- YOUR GOAL: An exact restatement of the data below, with the pictures removed, is the required answer.

- GIVEN INFORMATION:
-*-

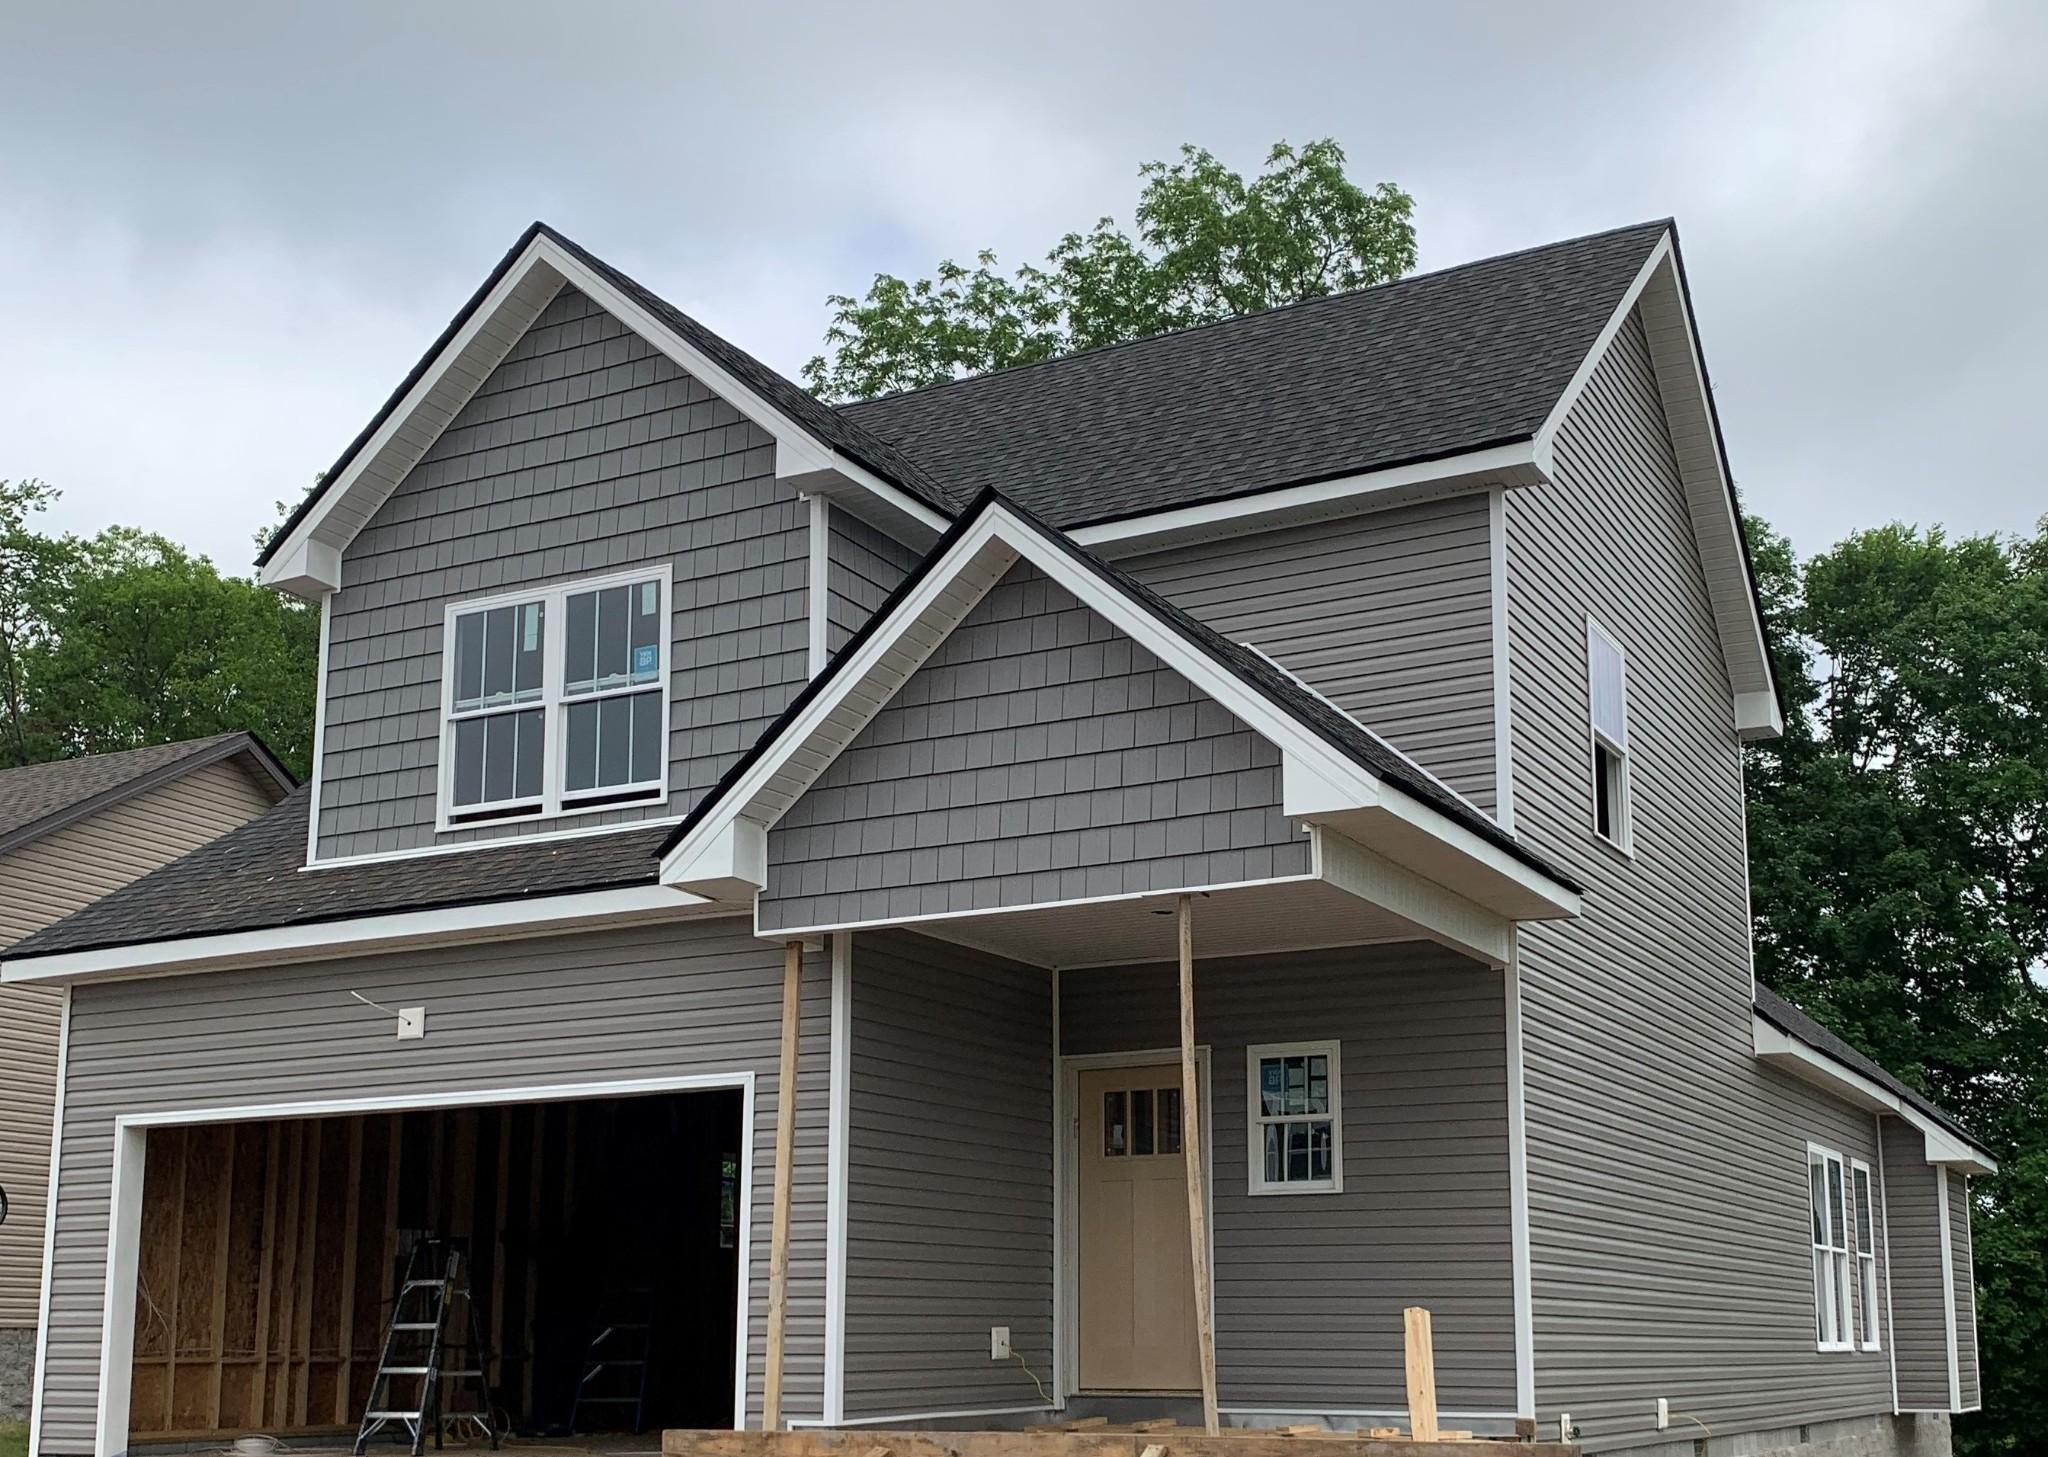 1892 Rains Rd, Clarksville, TN 37042 - Clarksville, TN real estate listing
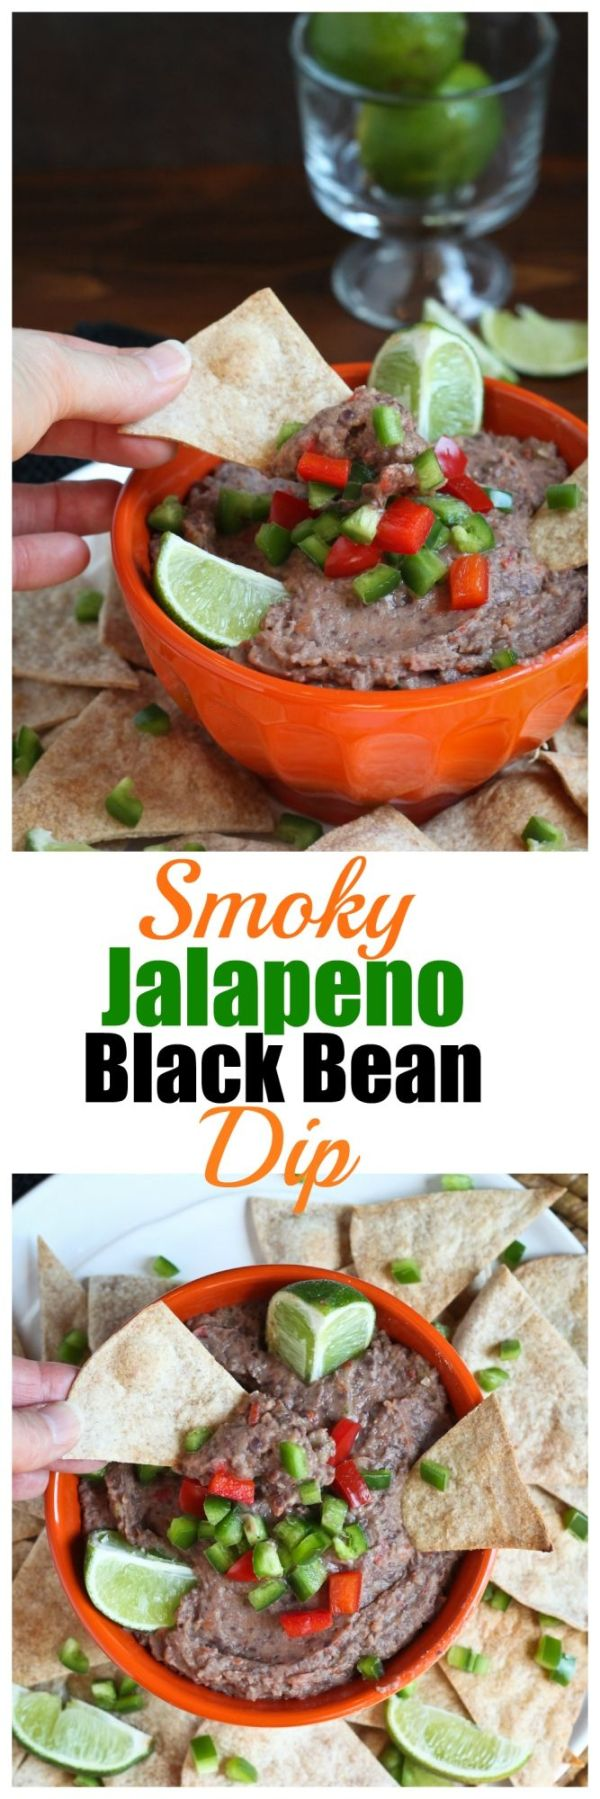 Best 20 Jalapeno dip ideas on Pinterest
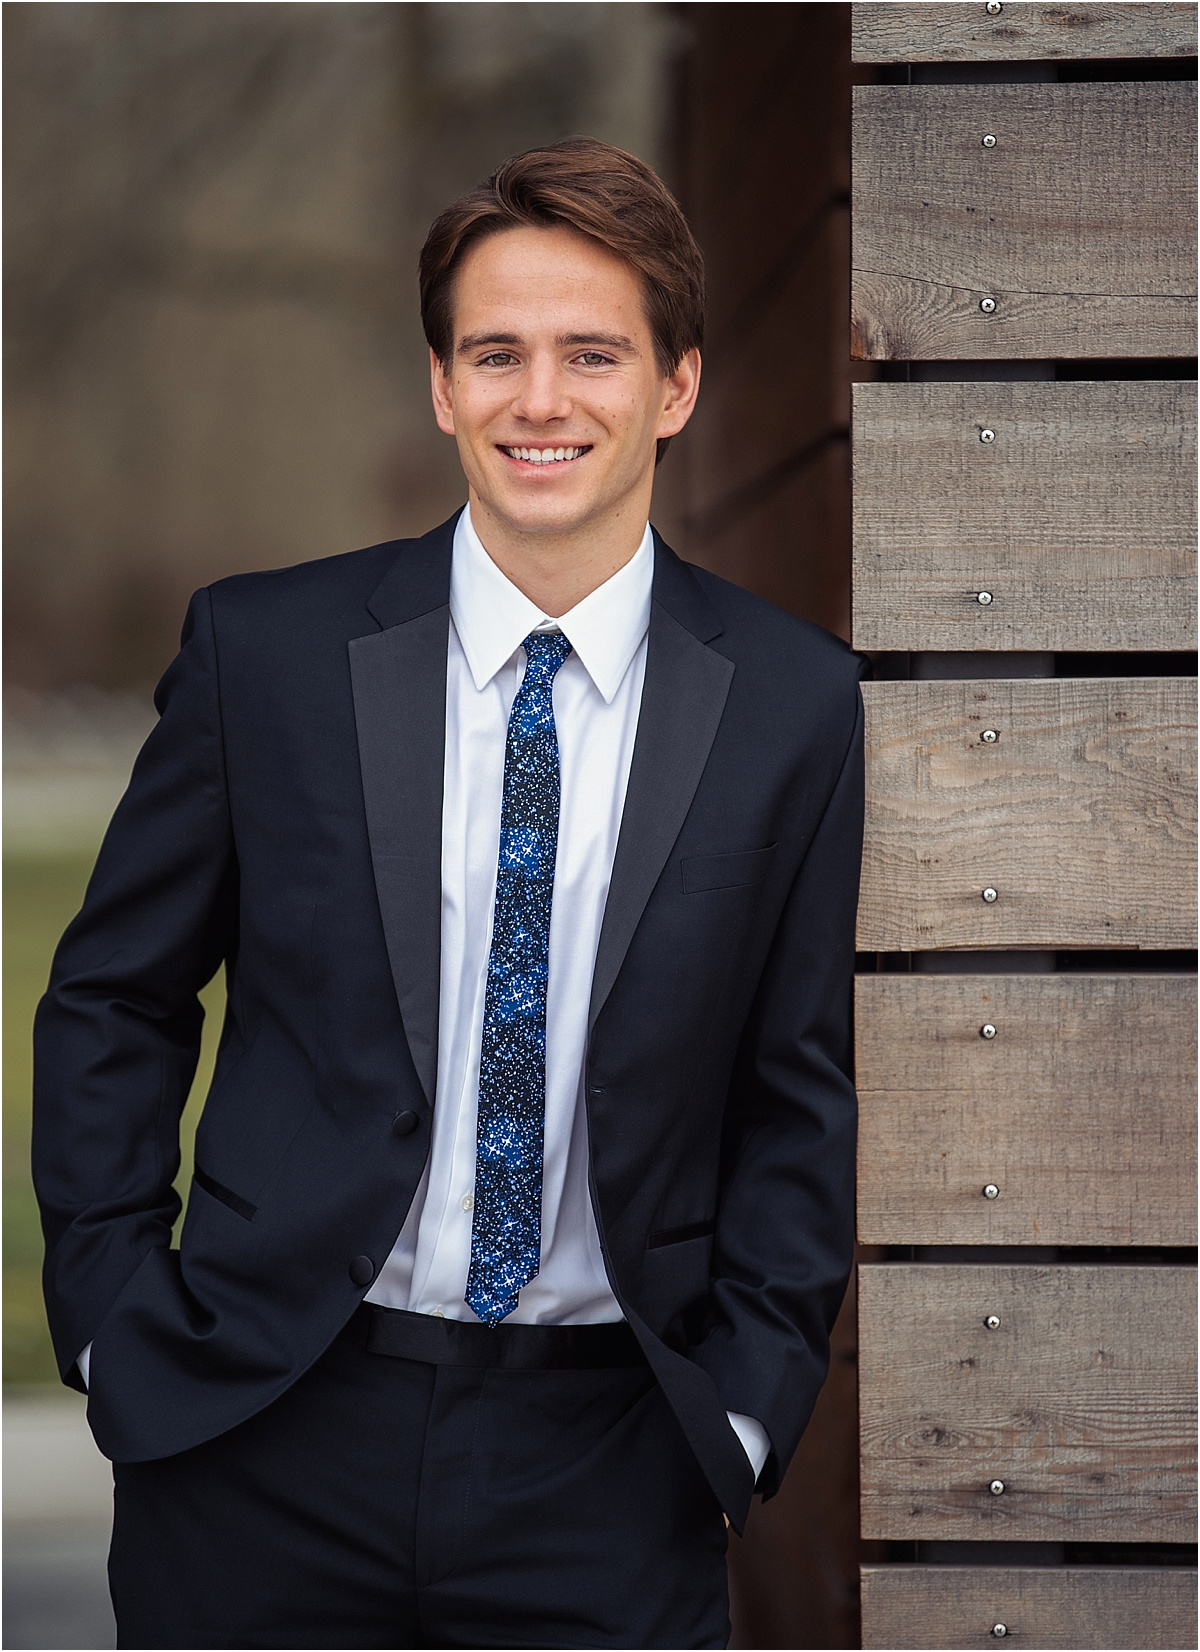 Peterson_college-graduation-beach-portraits-bellevue.jpg
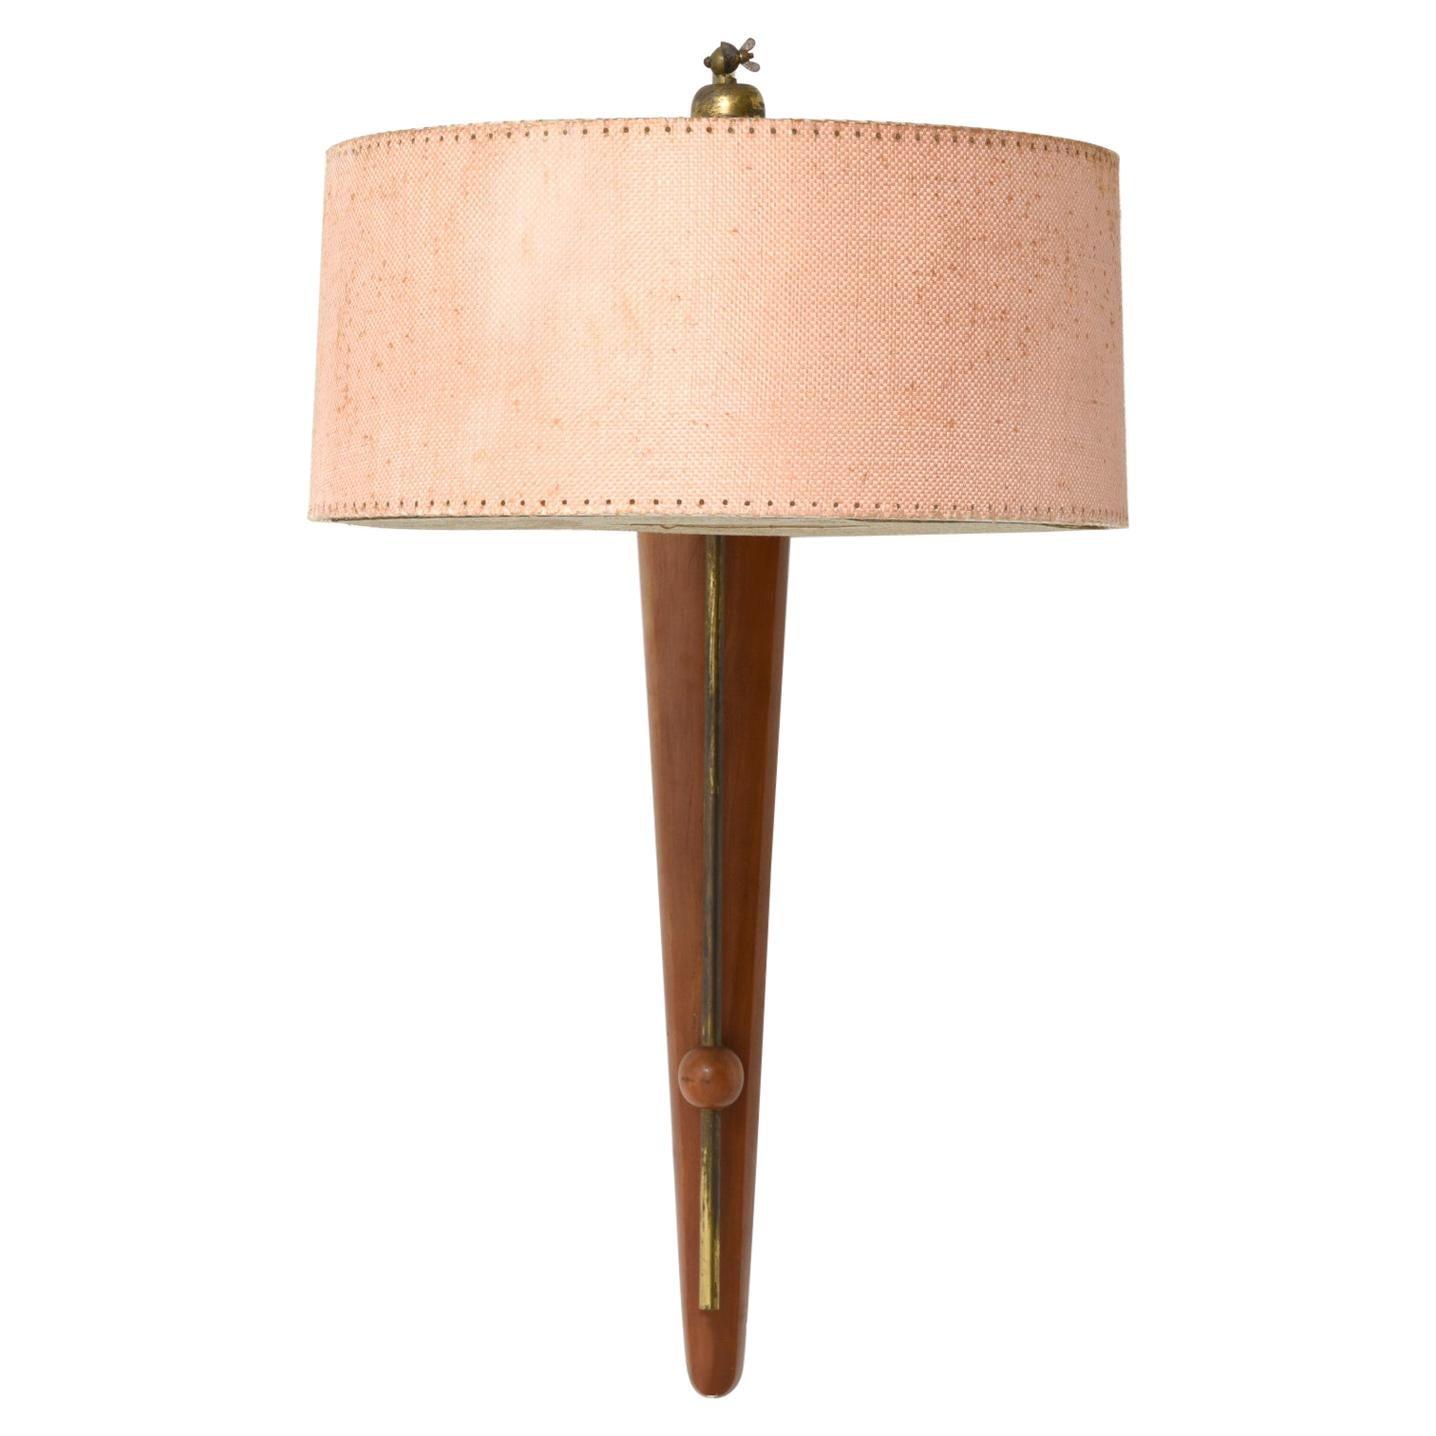 Mid-Century Danish Adjustable Teak and Brass Wall Lamp, 1958

-*-

- THE COMPLETED TASK:
 1892 Rains Rd, Clarksville, TN 37042 - Clarksville, TN real estate listing
 Best 20 Jalapeno dip ideas on Pinterest
 Peterson_college-graduation-beach-portraits-bellevue.jpg
 Mid-Century Danish Adjustable Teak and Brass Wall Lamp, 1958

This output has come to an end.